Салам тебе, Далгат! (сборник)
Шрифт:

В другой фотосессии, уже для журнала «Всегда женщина», Александр Снегирёв позирует на диване “Hall”, откинувшись на вышитую золотом подушку (глянцевый сигнал), но в один из кадров попадает тяжелая настольная лампа, в другой – томик «Нефтяной Венеры», снегирёвского романа (писательская атрибутика). Еще одна фотосессия Снегирёва, на этот раз для питерского журнала о людях в Петербурге «Собака», напрочь выбивается из зоны «приличного» и по своему замыслу приближается к категории запретного «ню»: молодой прозаик снят совершенно раздетым, на куче спутанных проводов, на нем – девушка топлесс.

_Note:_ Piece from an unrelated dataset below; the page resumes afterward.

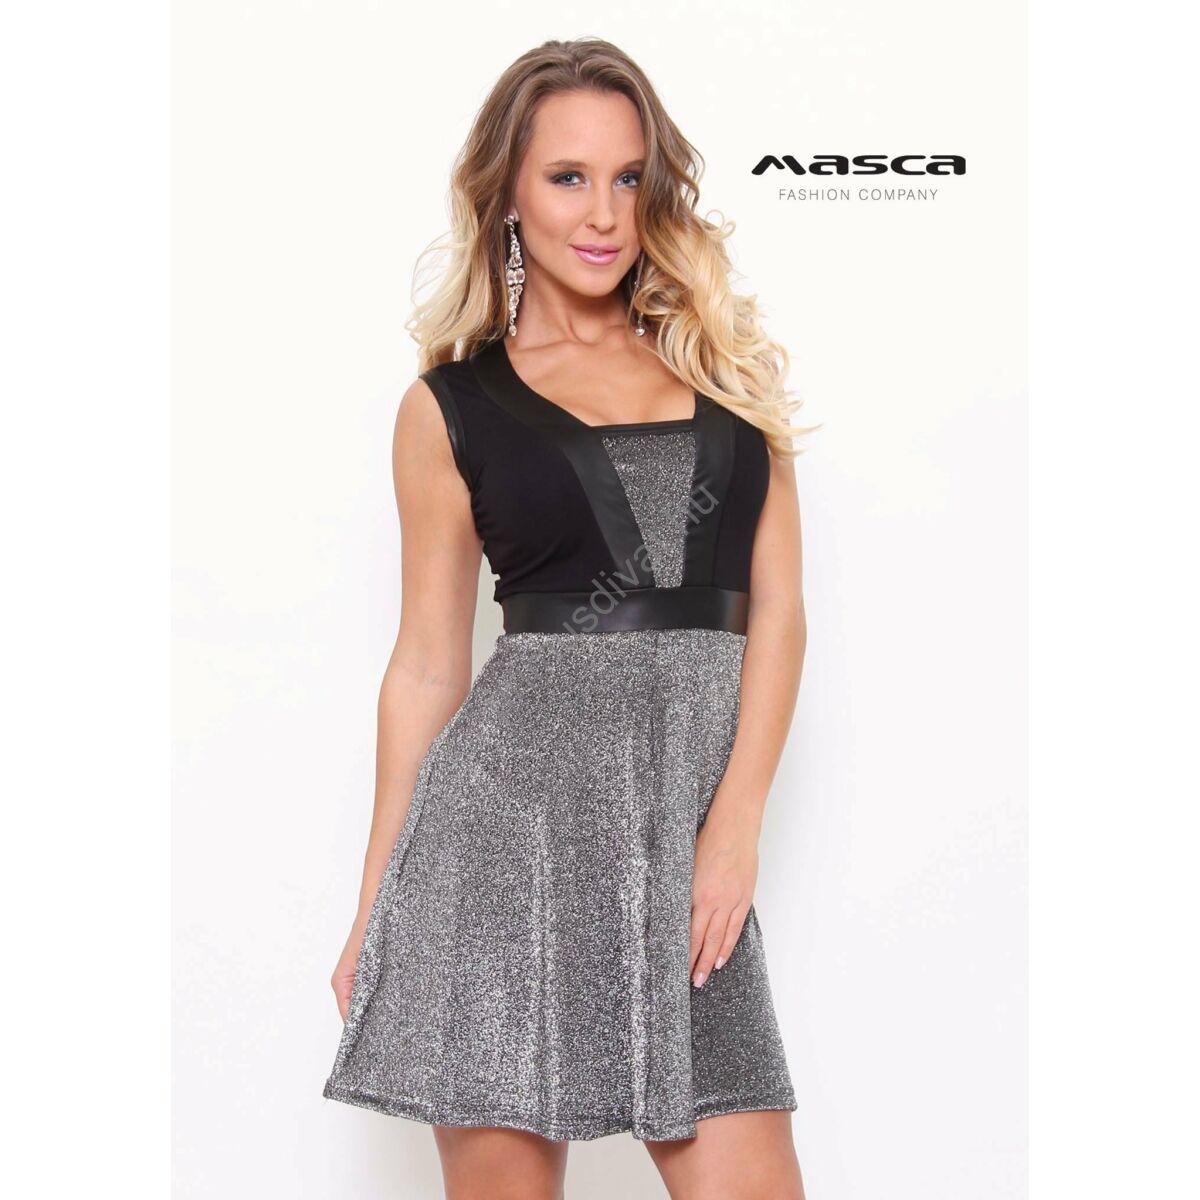 Kép 1 1 - Masca Fashion műbőr betétes dekoltázsú ujjatlan csillogó ezüst  loknis alkalmi miniruha 45b857eb3e

Понятия «писатель» (нечто по народным ассоциациям сакральное, высокодуховное) и порноактер (грязное, непристойное) – смешиваются. Линия демаркации пройдена.

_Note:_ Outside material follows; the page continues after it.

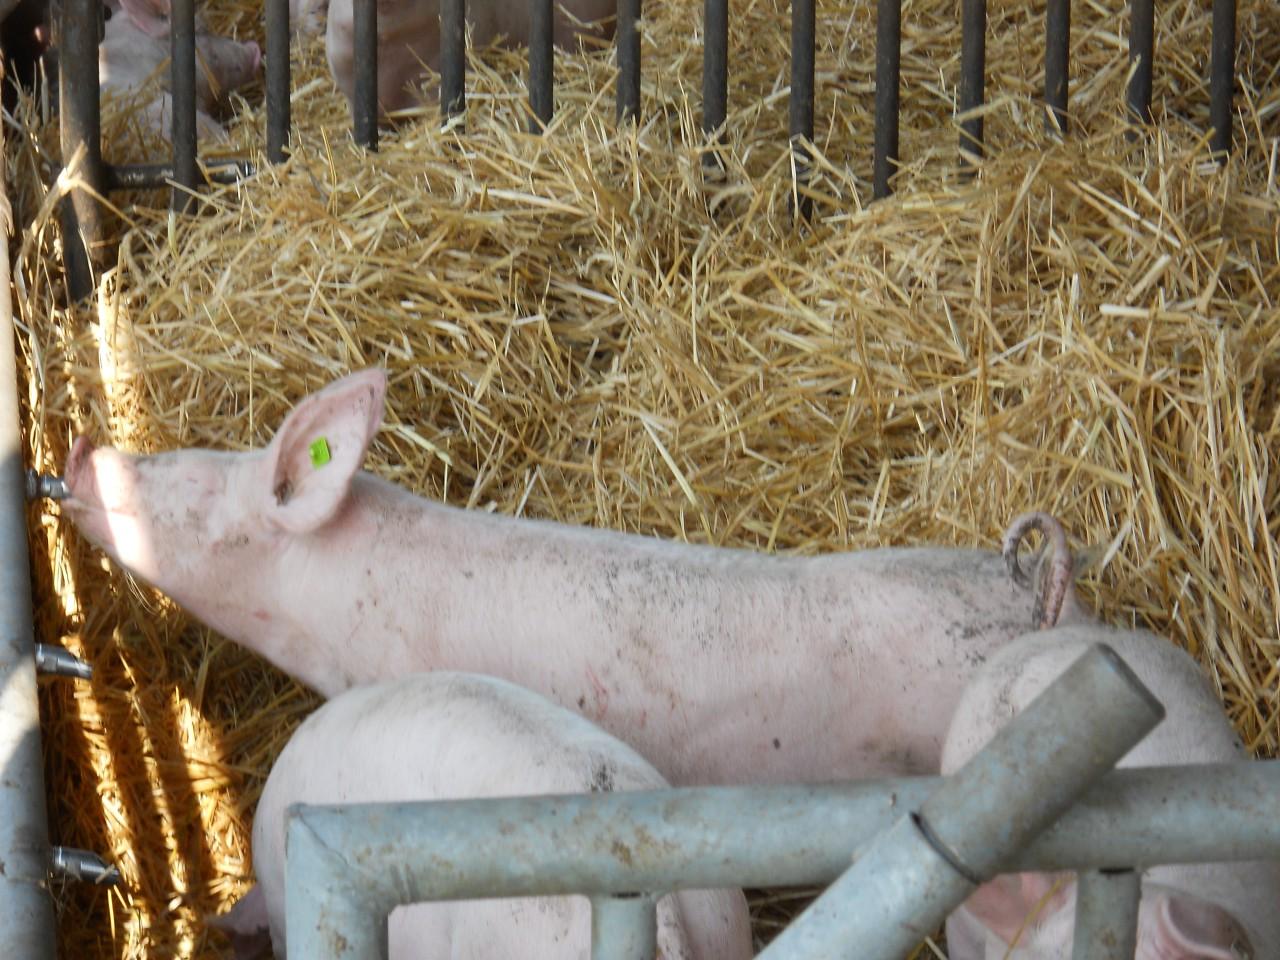 schweine grob zerlegt

В той же «Собаке» вы найдете картинки в эстетике эсхатологического

кинематографа: З. Прилепин и Г. Садулаев, а также девушка-актриса и мальчик – сын писателя И. Стогова – изображают последних выживших после апокалипсиса. Безжизненные ландшафты, испачканные лица, бетонные завалы разрушенного города… Для этой фотосессии отлично подошел бы и сам Стогов как популяризатор идеи повторяющегося конца света. «Выдерживаю график, как и говорил: фотосессии каждый месяц. Мартовская была для “Собаки”. Для Аэрофлота апрельская фотосессия», – пишет у себя в блоге Садулаев. А в следующем посте он вынужден оправдываться за своё участие в подобных съемках: «Согласитесь, с моими данными глупо пытаться сделать карьеру в модельном бизнесе. Я и не пытаюсь. Я занимаюсь литературой в том числе потому, что полагаю – внешность не главное для писателя. Для писателя главное – это его тексты. Романы, повести, рассказы, эссе. Почему же я фотографируюсь…»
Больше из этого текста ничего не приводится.